A linha de negociação que resultou no acordo de cessar-fogo entre Israel e Hamas é semelhante ao que o Brasil propôs, em 2023, quando estava na presidência rotativa do Conselho de Segurança da Organização das Nações Unidas (ONU). A avaliação é de fontes do governo brasileiro ouvidas pela CNN.

Na época, a resolução proposta pelo Brasil previa o fim das hostilidades, pausa nos bombardeios — proferidos pelo governo de Benjamin Netanyahu em direção à Faixa de Gaza — em troca de reféns capturados e em posse do Hamas. Em resumo, a suspensão do conflito para ajuda humanitária.

No entanto, apesar de aprovado por 12 integrantes (Brasil, França, Malta, Japão, Gana, Gabão, Suíça, Moçambique, Equador, China, Albânia, e Emirados Árabes), a proposta foi vetada pelos Estados Unidos. Por isso, não seguiu adiante. Rússia e Reino Unido se abstiveram.

Apesar da solução ter vindo agora, o governo brasileiro, segundo apurou a CNN, viu com certa frustração o fato do acordo não ter sido fechado antes. O que gerou questionamentos como: quantas vidas foram perdidas entre outubro de 2023 e agora, janeiro de 2025?

Entenda

O governo de Israel e o Hamas concordaram com um cessar-fogo para a Faixa de Gaza e libertação gradual de reféns e prisioneiros palestinos, disse uma fonte à CNN.

O acordo não foi anunciado formalmente, mas o Hamas e grupos aliados devem libertar 33 reféns na primeira fase.

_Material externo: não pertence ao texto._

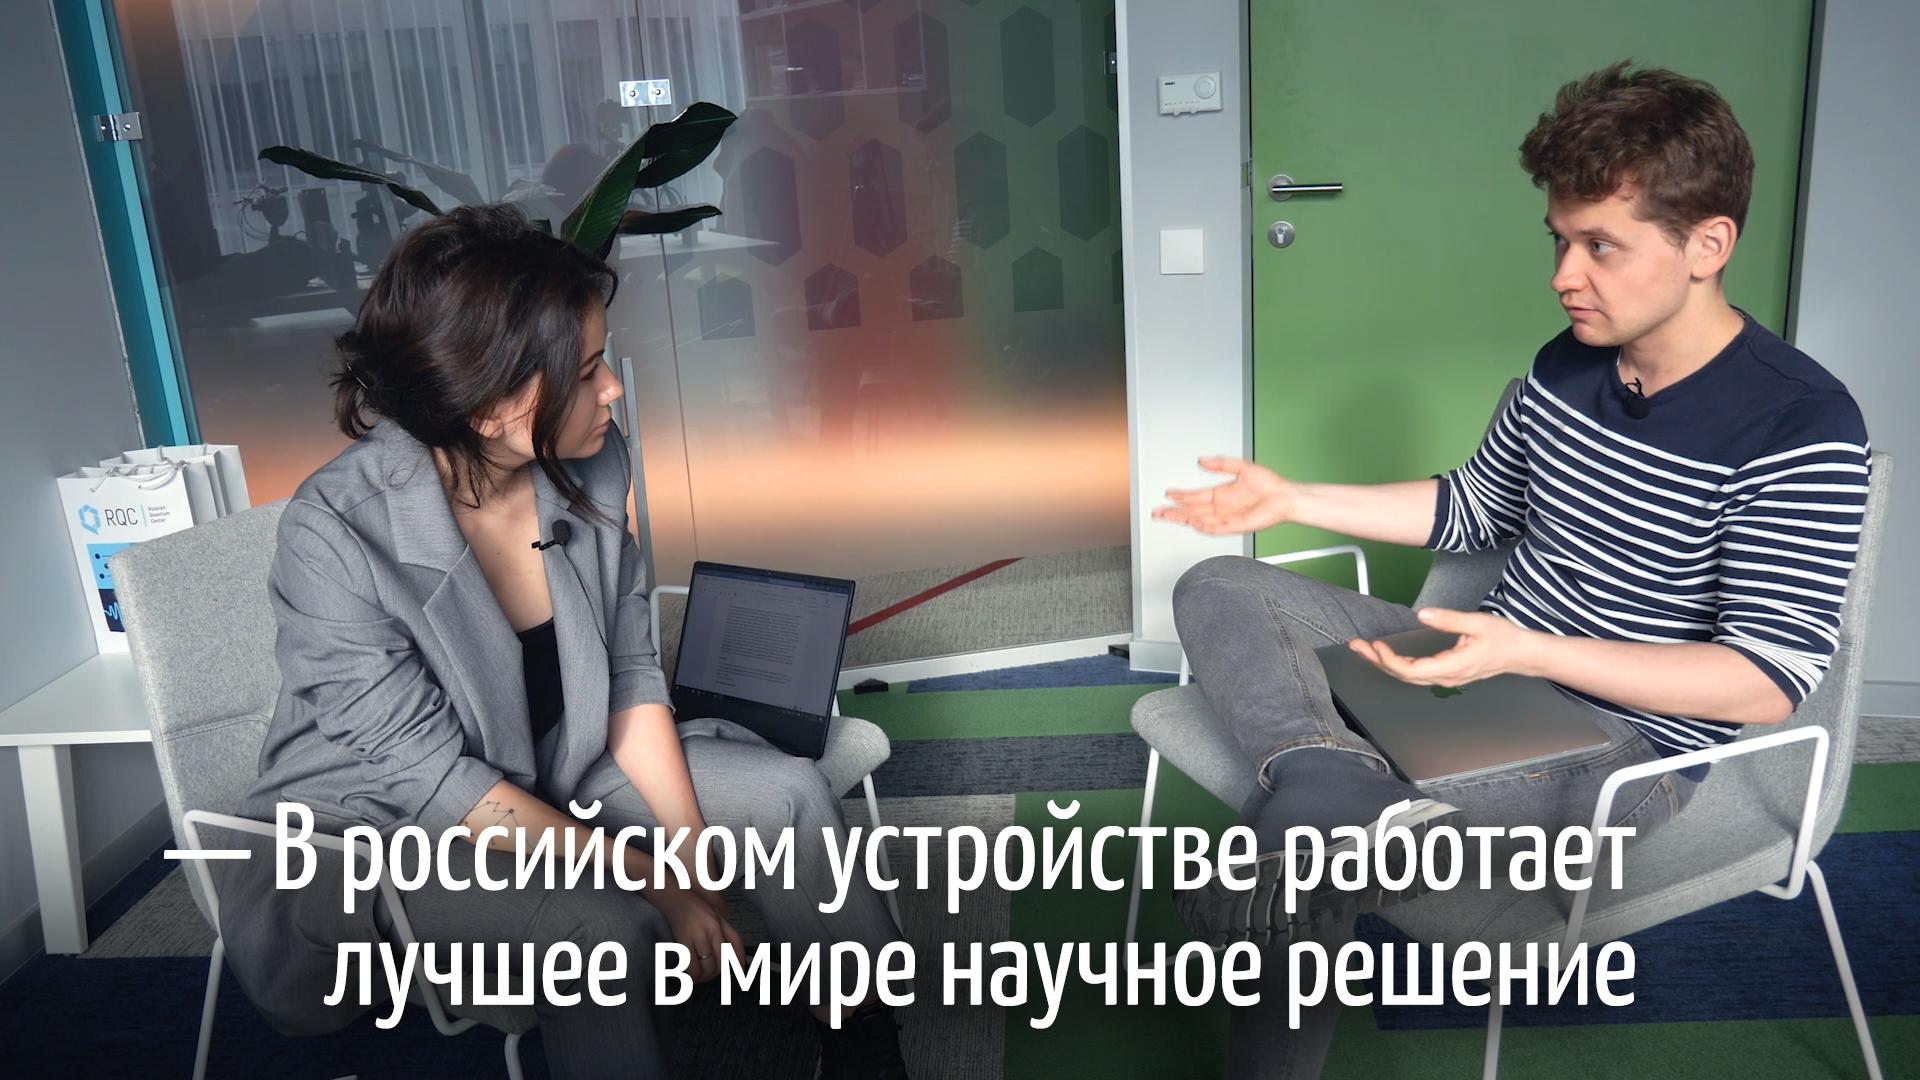 РКЦ: квантовый компьютер и блокчейн. Наука России и ее ученые — IT-МИР. ПОМОЩЬ В IT-МИРЕ 2021

Em troca, Israel libertará centenas de prisioneiros palestinos.

As negociações para chegar à segunda fase — que visa acabar com a guerra — começariam no 16º dia da implementação do acordo.

O escritório de mídia do Hamas na Faixa de Gaza está dizendo, aos moradores do território, para não se deslocarem até o início oficial do cessar-fogo.

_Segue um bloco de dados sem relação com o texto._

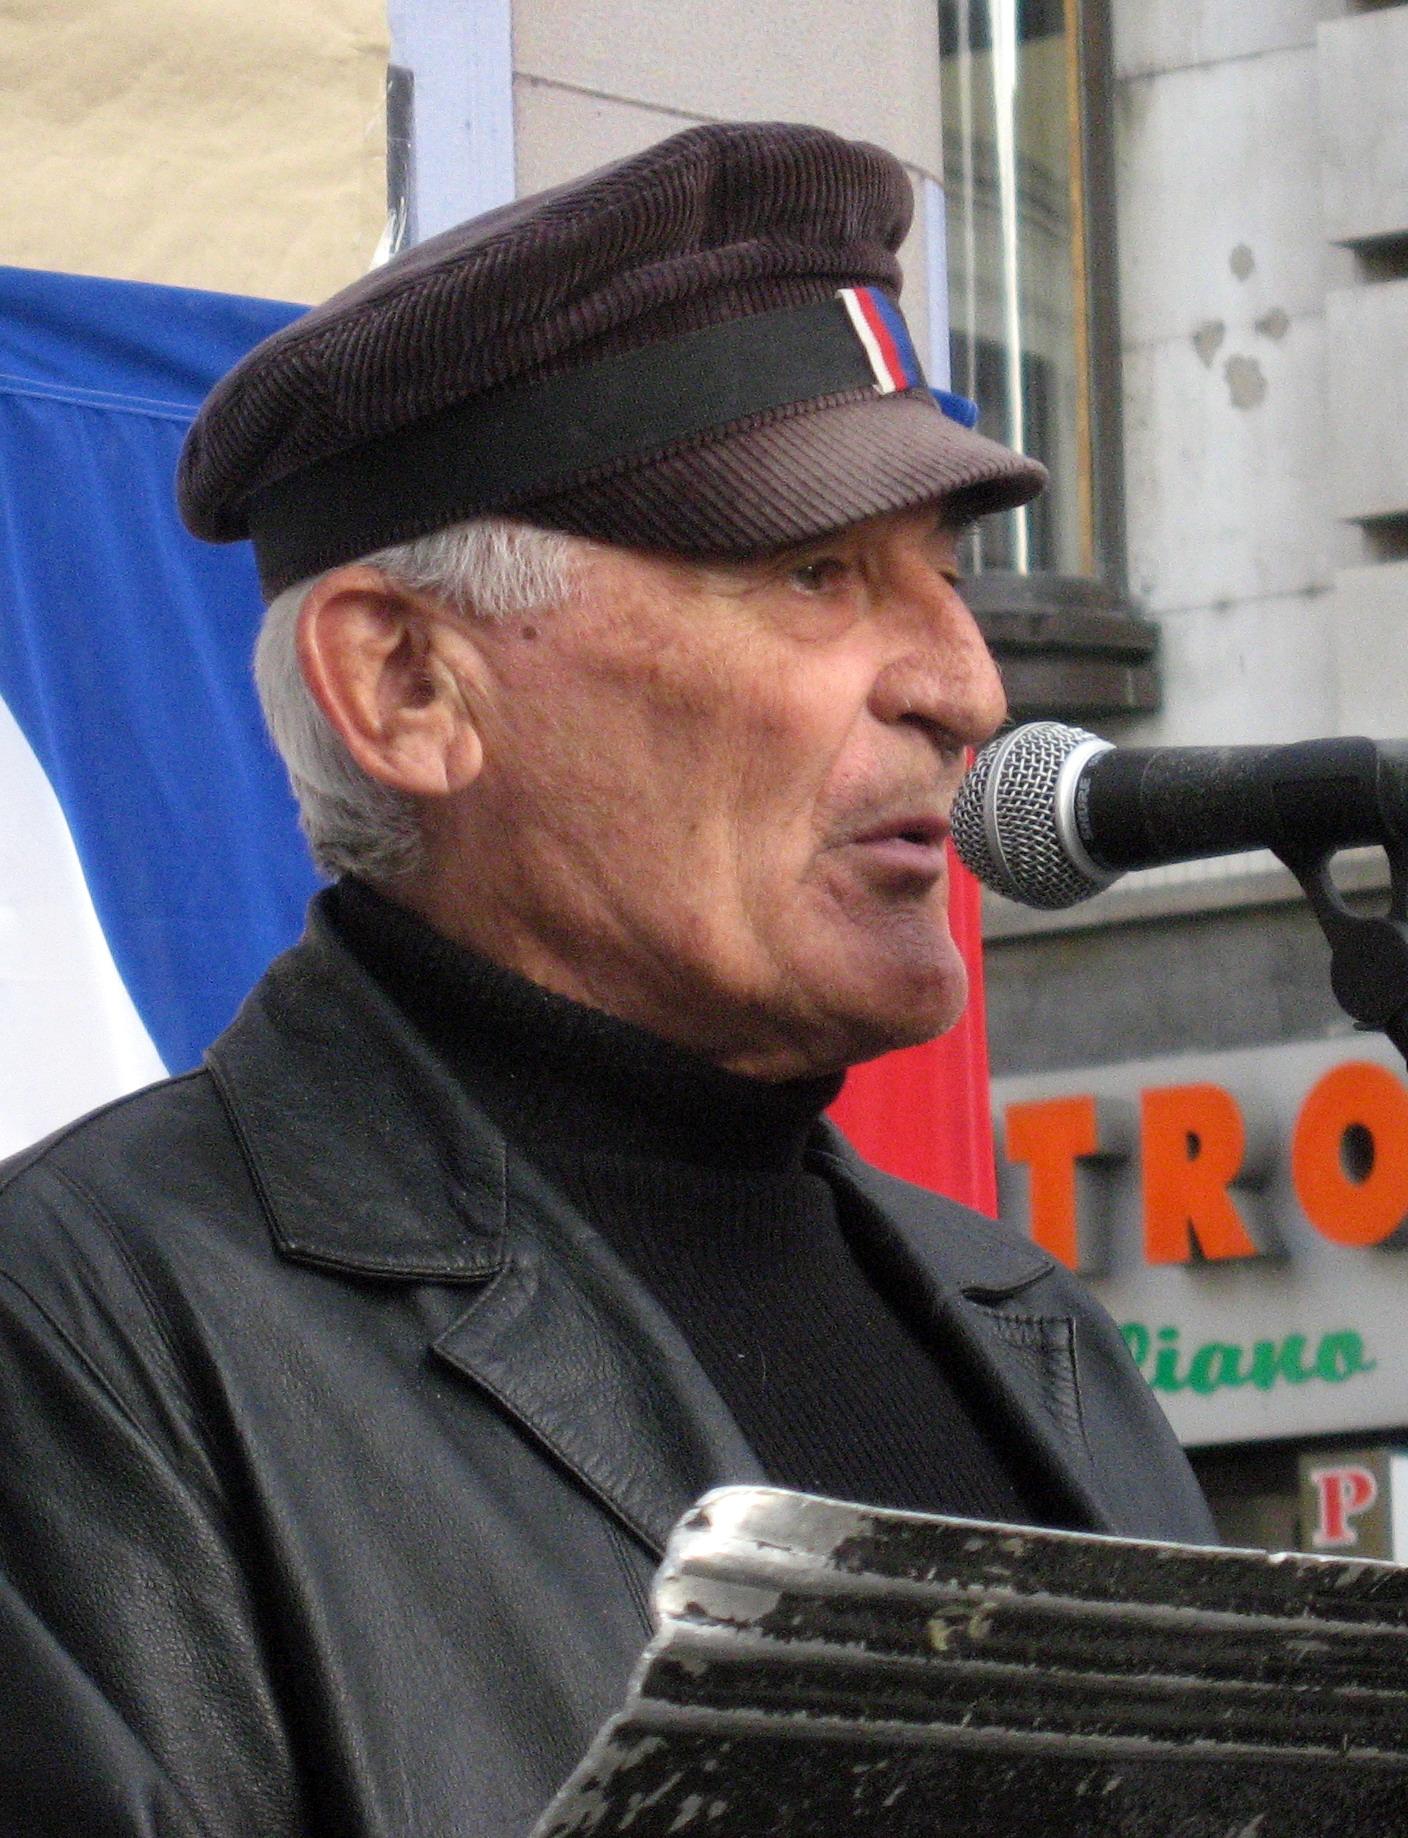 Plnou rehabilitaci skupiny bratří Mašínů provedli nakonec komunisté

“O Escritório de Mídia do Governo pede aos cidadãos honrados que não se movam antes do início oficial do cessar-fogo e que obtenham informações sobre o momento do cessar-fogo de fontes oficiais”, destacou o grupo radical em comunicado à imprensa.

Em uma declaração anterior, o grupo afirmou que havia consultado grupos aliados sobre o que havia sido proposto pelos mediadores.

“O movimento lidou com esse assunto com total responsabilidade e positividade, decorrente de seu dever para com nosso povo firme e resiliente na Faixa de Gaza, para parar a agressão sionista contra eles e pôr fim aos massacres e genocídios que eles estão enfrentando”, destacaram.